By Lawrence D. Kaplan& Jason Shafer

In our November 2024 article we discussed the threat that increased regulatory skepticism on fintech poses to banking innovation. In light of that skepticism, banks must consider how the federal banking agencies are rethinking these third-party relationships. While the advent of middleware providers altered the direct banking as a service (BaaS) relationship between banks and fintechs, the May collapse of Synapse Technologies highlighted various model deficiencies after consumers lost access to funds, drawing the ire of regulators and lawmakers.

Though regulatory and enforcement actions by the federal banking agencies in recent years have signaled ongoing concern over BaaS models, Synapse’s collapse served as a wake-up call to banks that continued to believe that fintech engagement can be conducted as a turnkey activity, resulting in a flow of easy fee income.

Federal agencies’ response to the Synapse collapse — regulatory and supervisory guidance addressing risks posed by third parties that arrange the provision of deposit products and services, new enforcement actions against BaaS-focused banks that lacked appropriate oversight and significant rulemakings — have effectively halted most banks’ laissez faire approach to these relationships. Now, a new framework for bank-fintech relationships has emerged that requires substantial bank involvement.

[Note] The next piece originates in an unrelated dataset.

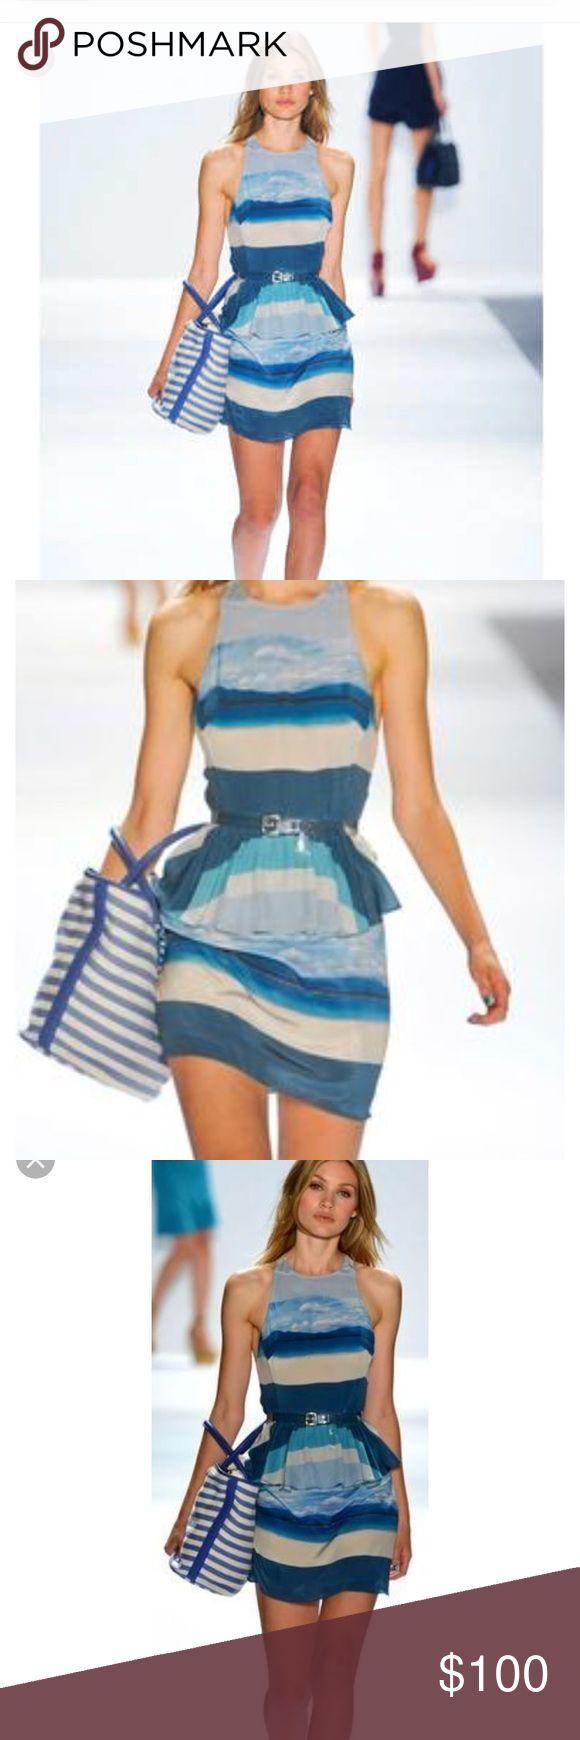 Charlotte Ronson Silk Dress Beautiful silk peplum mini dress . Excellent condition. Only worn twice! Charlotte Ronson Dresses Mini
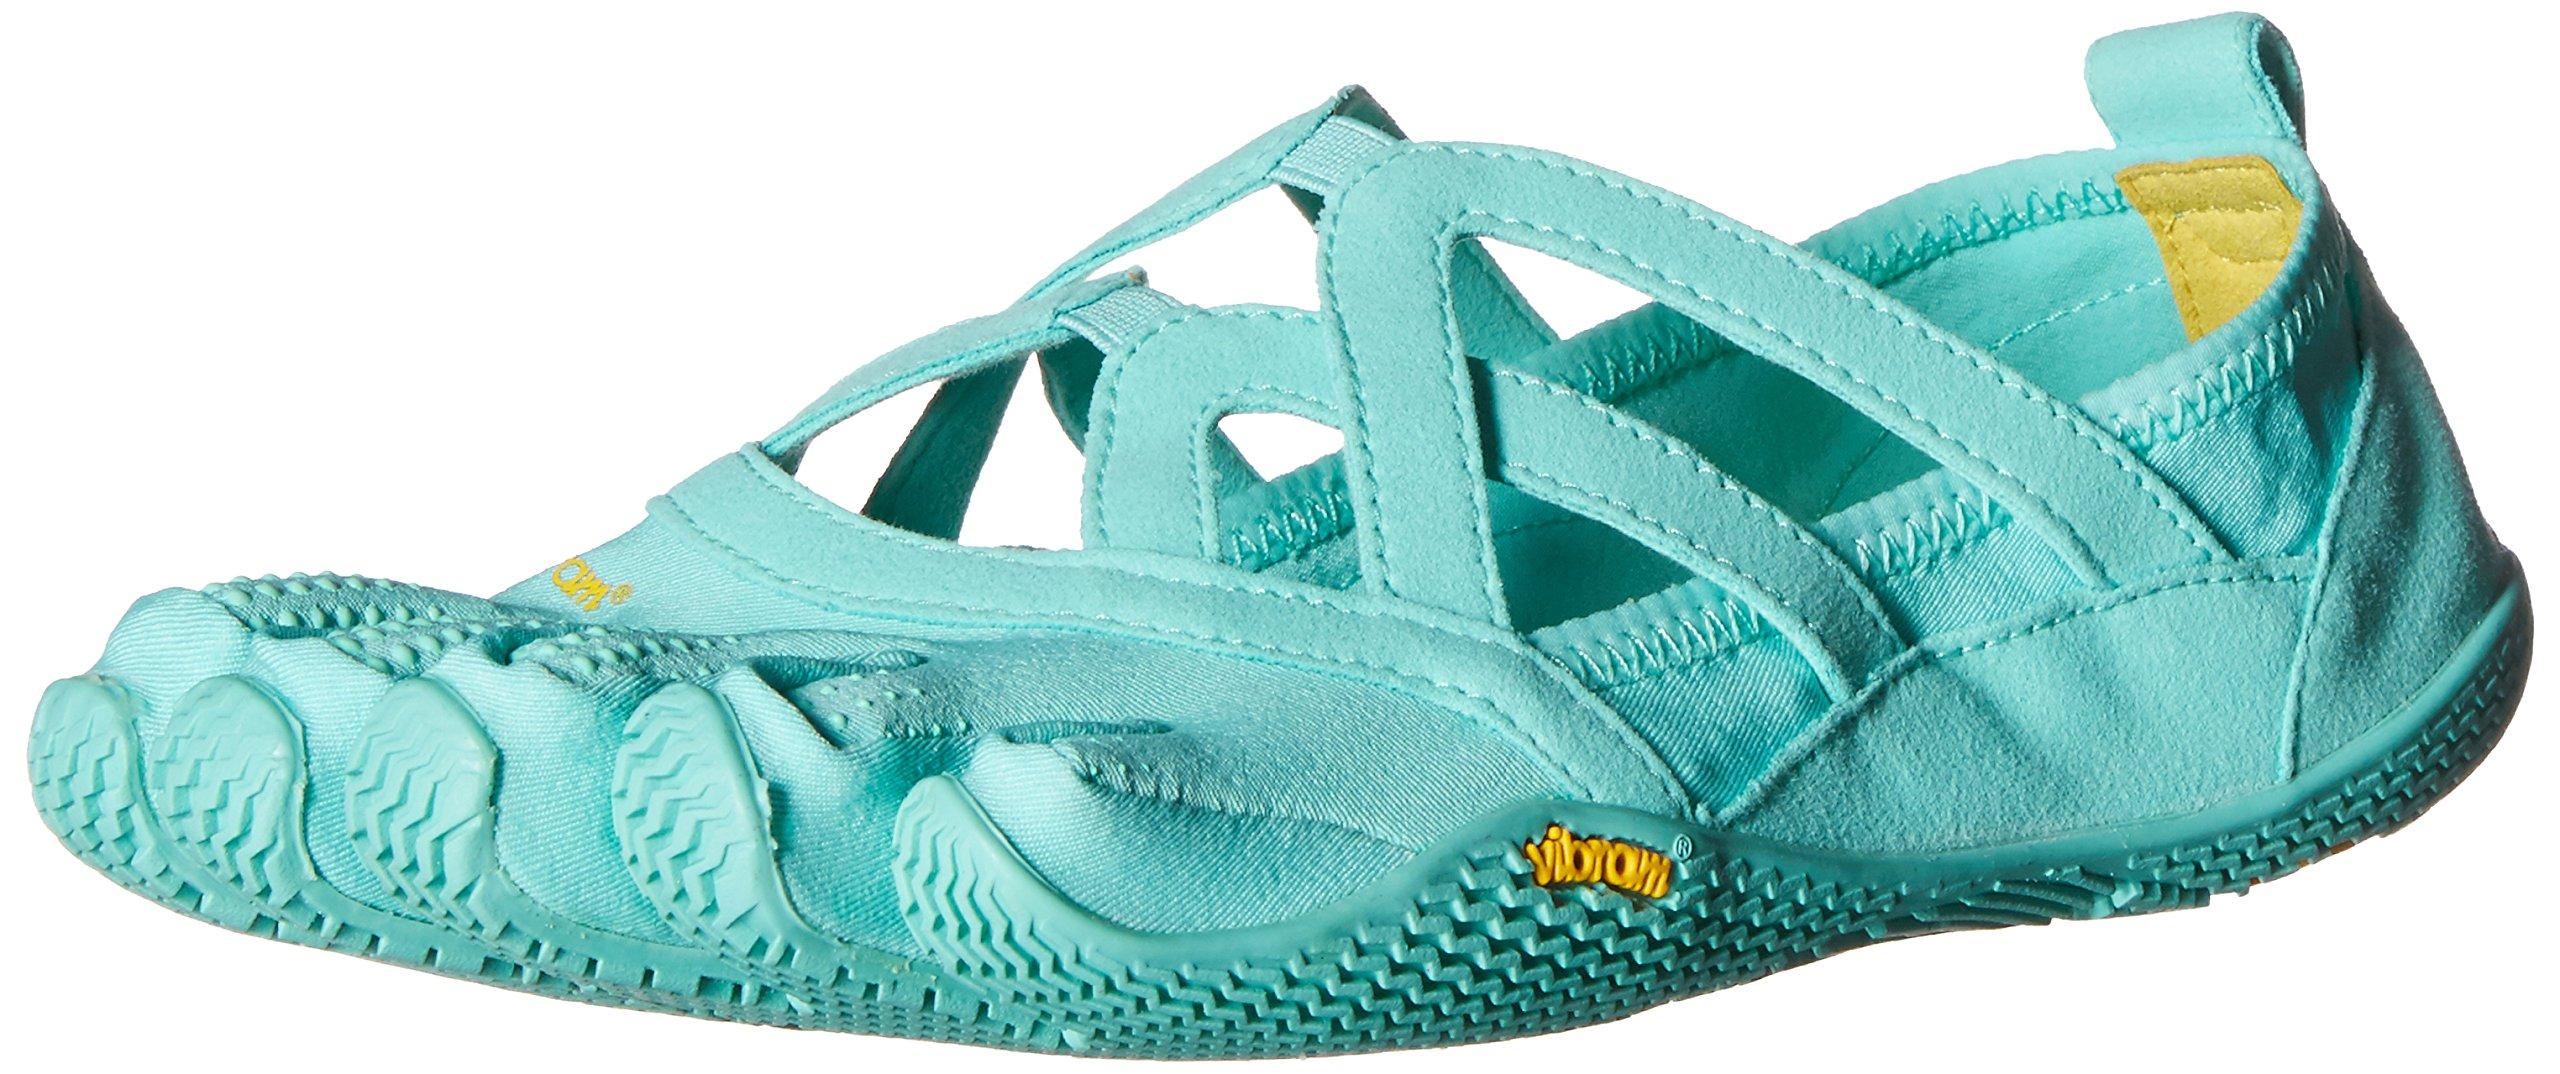 Vibram Women's Alitza Loop Fitness and Yoga Shoe, Mint, 36 EU/6 M US

In July, federal banking regulators issued a joint statement highlighting potential risks in bank-fintech relationships, along with a request for information (RFI) on these arrangements’ benefits, risks and risk management practices. The statement and RFI demonstrated the agencies’ heightened focus on bank-fintech arrangements, in particular banks’ oversight and risk management. While neither issuance imposed new regulatory requirements, they signaled that further guidance on risk management practices would be forthcoming and that enforcement actions against banks’ failing to meet regulatory expectations may continue.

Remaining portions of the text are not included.